(Stored items from a collection)

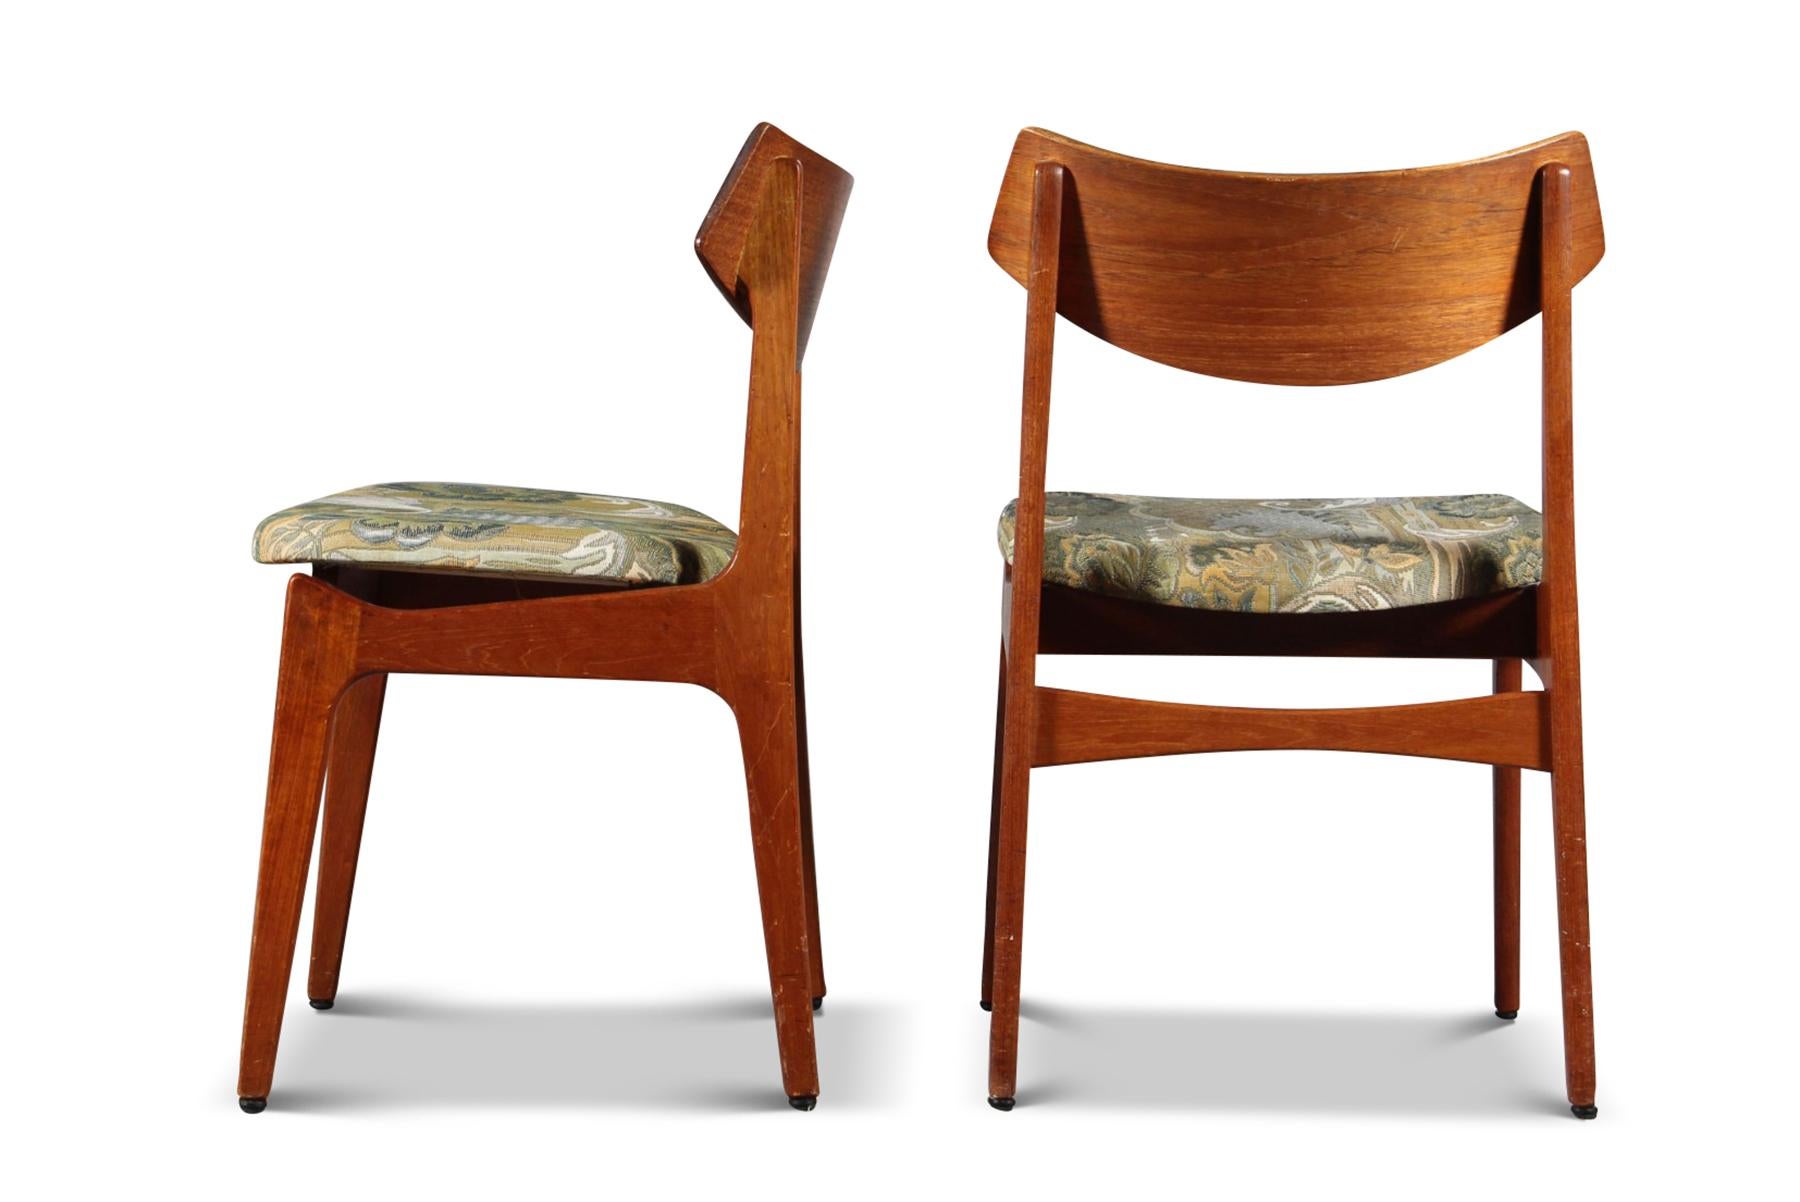 Origin: Denmark
Designer: Unknown
Manufacturer: Funder Schmidt + Madsen
Era: 1960s
Materials: Teak


Condition:
Frames in excellent original condition. Price includes new upholstery in your choice of fabric.
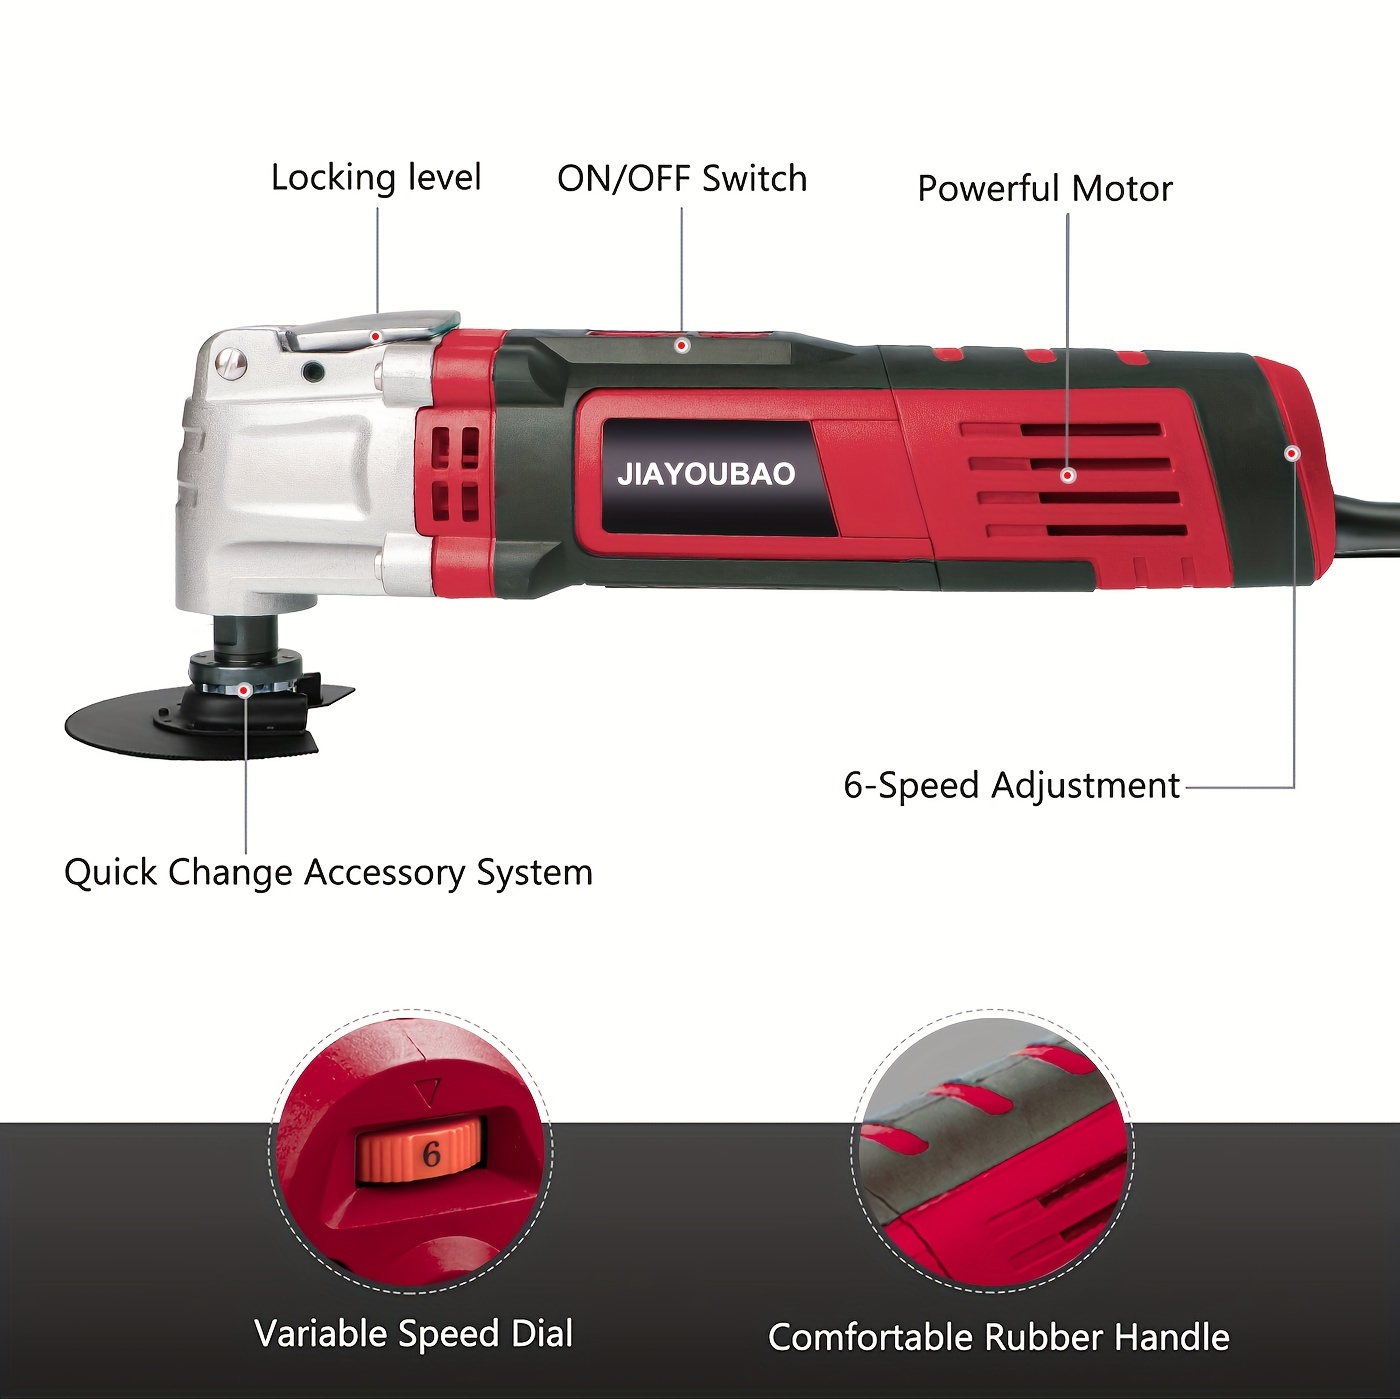 JIAYOUBAO 1 Set Power Oscillating Tool, 4 Amp Oscillating Multi Tool With 4.5° Oscillation Angle, 6 Variable Speeds And 8pcs Saw Accessories
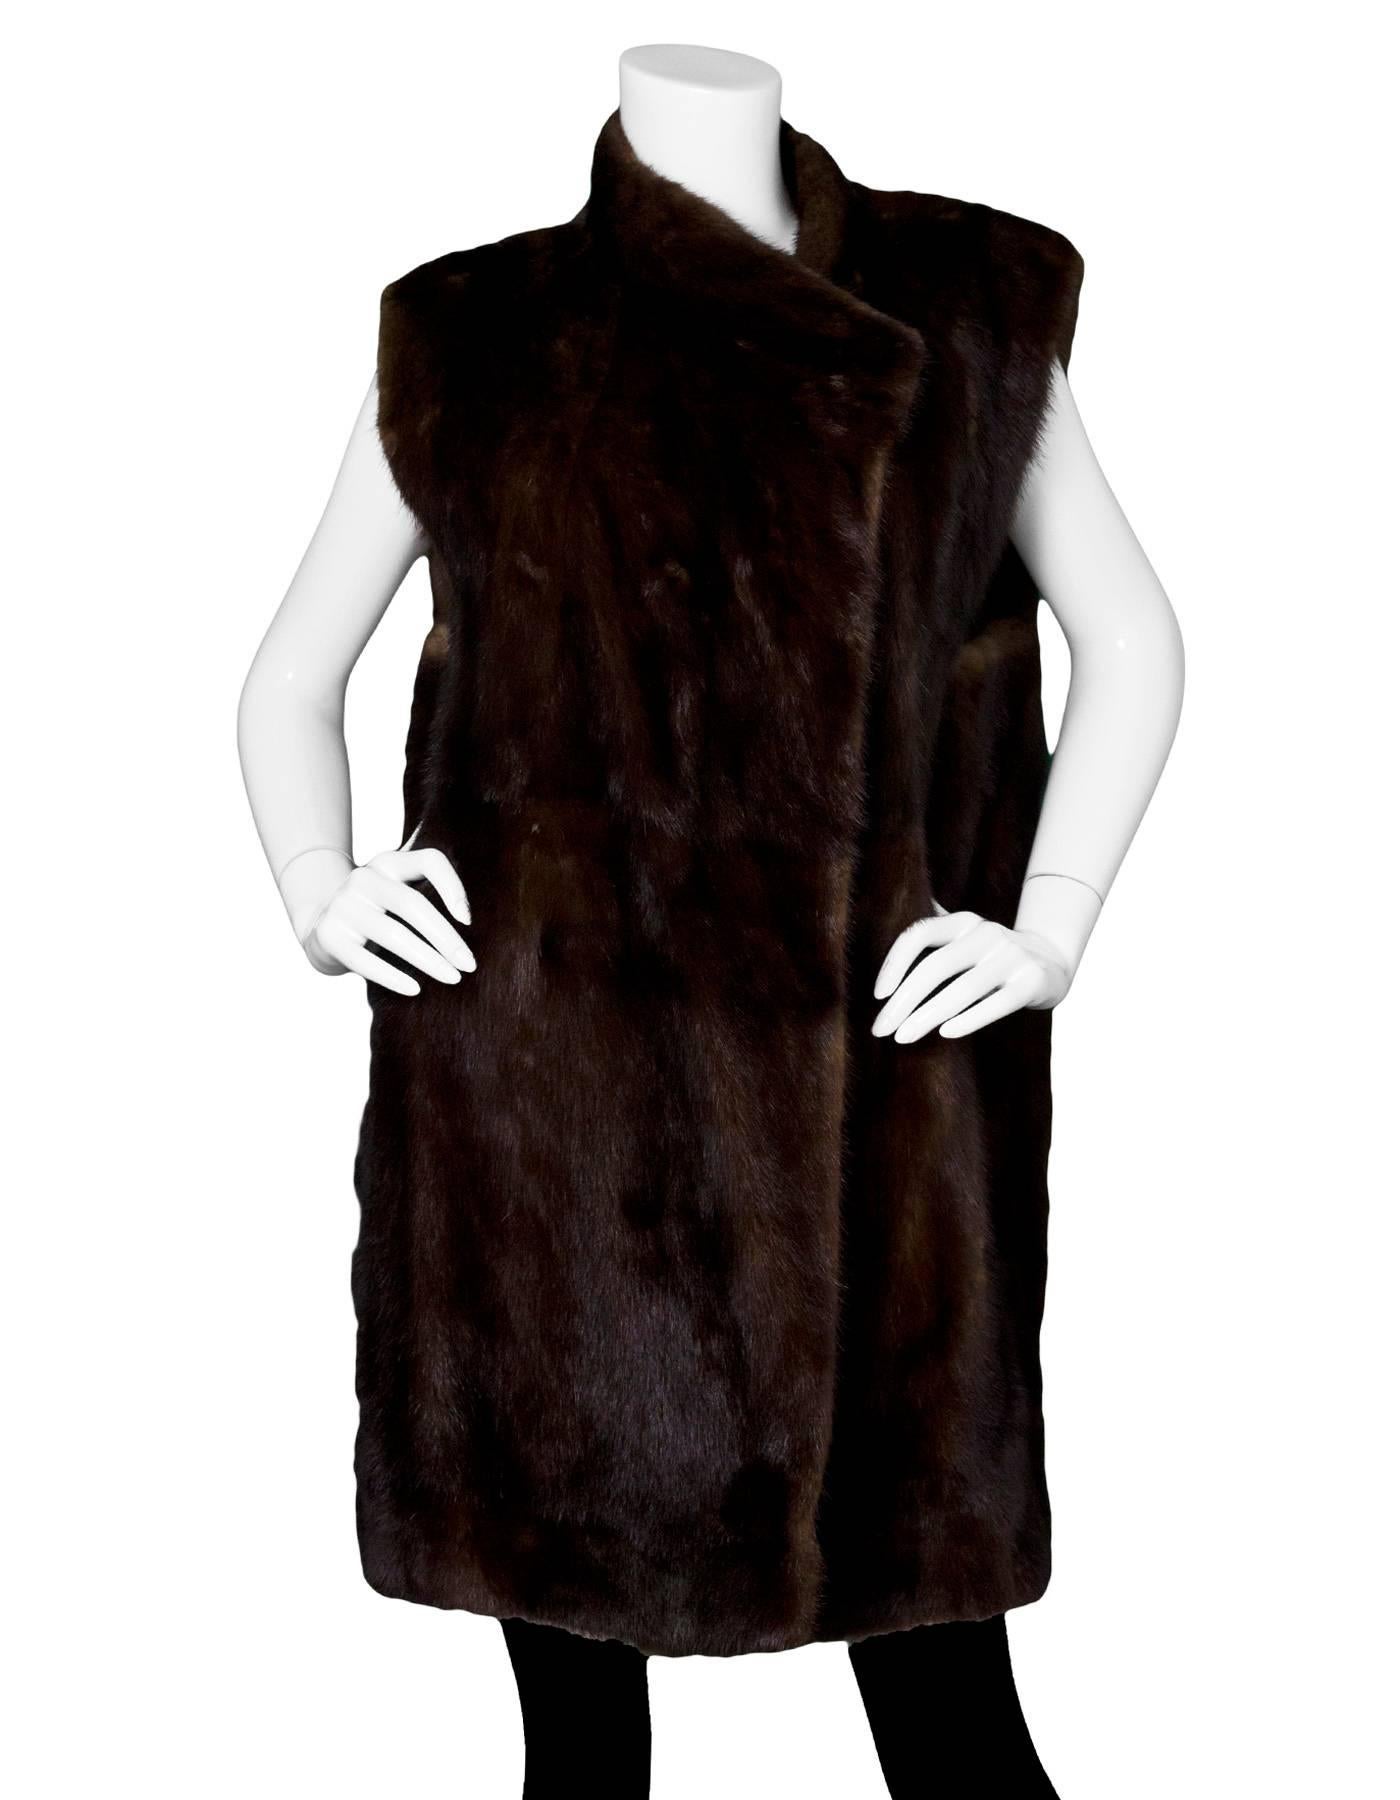 Vintage Brown Fur Open Front Vest/Lining 
**Please note: this vintage piece was originall apart of another coat or jacket as an insert and still contains buttons on interior for attachment**

Color: Brown
Composition: Fur
Lining: Believed to be a

## Problem to solve
Any pictures above are to be left out. Retype the rest of the records exactly.

## Final answer
 Origin: Denmark
Designer: Unknown
Manufacturer: Funder Schmidt + Madsen
Era: 1960s
Materials: Teak


Condition:
Frames in excellent original condition. Price includes new upholstery in your choice of fabric.
 JIAYOUBAO 1 Set Power Oscillating Tool, 4 Amp Oscillating Multi Tool With 4.5° Oscillation Angle, 6 Variable Speeds And 8pcs Saw Accessories
 Vintage Brown Fur Open Front Vest/Lining 
**Please note: this vintage piece was originall apart of another coat or jacket as an insert and still contains buttons on interior for attachment**

Color: Brown
Composition: Fur
Lining: Believed to be a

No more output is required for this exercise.